Kautsch credits a police lobbyist with helping to find compromise in Kansas, restrictive though the bill is. In the debate over access to the recordings, however, media groups and transparency advocates can find themselves in opposition to law enforcement–and police tend to have sway in the legislatures. “What I see at the state level is that the police lobby is stronger than the press lobby,” says Chad Marlow, advocacy and policy counsel at the ACLU.

But the proliferation of body-cams also raises some hard questions about privacy that can cause differences of opinion among transparency advocates. For example, when University of Missouri professor Melissa Click was fired earlier this year, school officials cited not just her altercation with a student videographer but also a separate incident, captured on a body-cam, in which she cursed at police during a heated campus demonstration. That footage became public when it was obtained via a records request by the Columbia Missourian. (Because the incident occurred in a public place, the video would have been accessible under the new law, too.)

In Marlow’s view, the release of the Click video is contrary to the purpose of body-cams, which is to document police behavior. “In that case, it’s capturing a person engaging in constitutionally protected speech, and then they get punished for it,” he said. “The idea isn’t to create a record of everybody’s behavior in public.”

Missouri’s new bill attempts to address privacy concerns by simply barring release of video taken in “nonpublic” spaces.
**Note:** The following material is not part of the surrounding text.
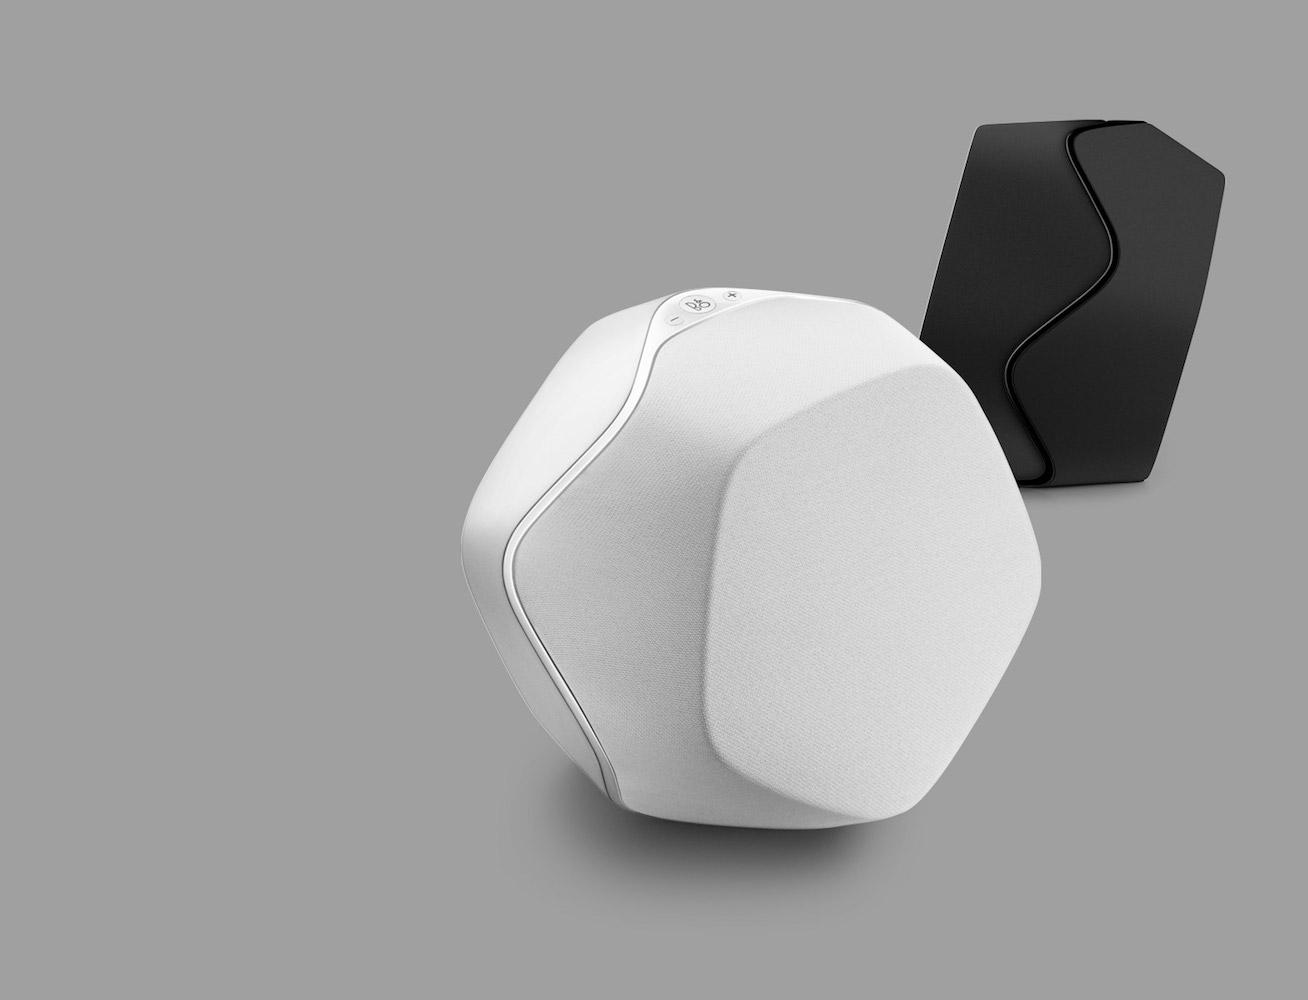 BeoPlay S3 Flexible Wireless Home Speaker

But from Marlow’s perspective, this solution is both too restrictive and does too little to protect citizens from unwarranted exposure: Video of an officer-involved shooting that takes place in a private home, for instance, would be a closed record, unless a court rules otherwise, while video of a trivial but embarrassing moment in a public space would be an open record.

The ACLU, which advocates both for privacy and transparency, has crafted model body-cam legislation that attempts to balance transparency and privacy concerns. Under the ACLU bill, body-cam video would be deleted after six months and exempt from public disclosure unless it meets certain criteria, such as “use of force” or events leading up to a felony arrest. The group has praised measures that became law last year in Oklahoma and Illinois which bear similarities to the model legislation.

In other states, meanwhile, laws about access to body-cam footage are ambiguous. That’s the case in Iowa, where the issue is currently the subject of a legal battle. After a police officer accidentally shot and killed a Burlington, Iowa, woman in January 2015, the local newspaper The Hawk Eye joined the family of the deceased in appealing to the state’s public information board to obtain the complete body-cam footage of the incident.

The board ruled in favor of the petitioners in December, and has appointed a special prosecutor to argue before an administrative judge for release of the footage. But the case could drag on for months, or even years, if there is an appeals process.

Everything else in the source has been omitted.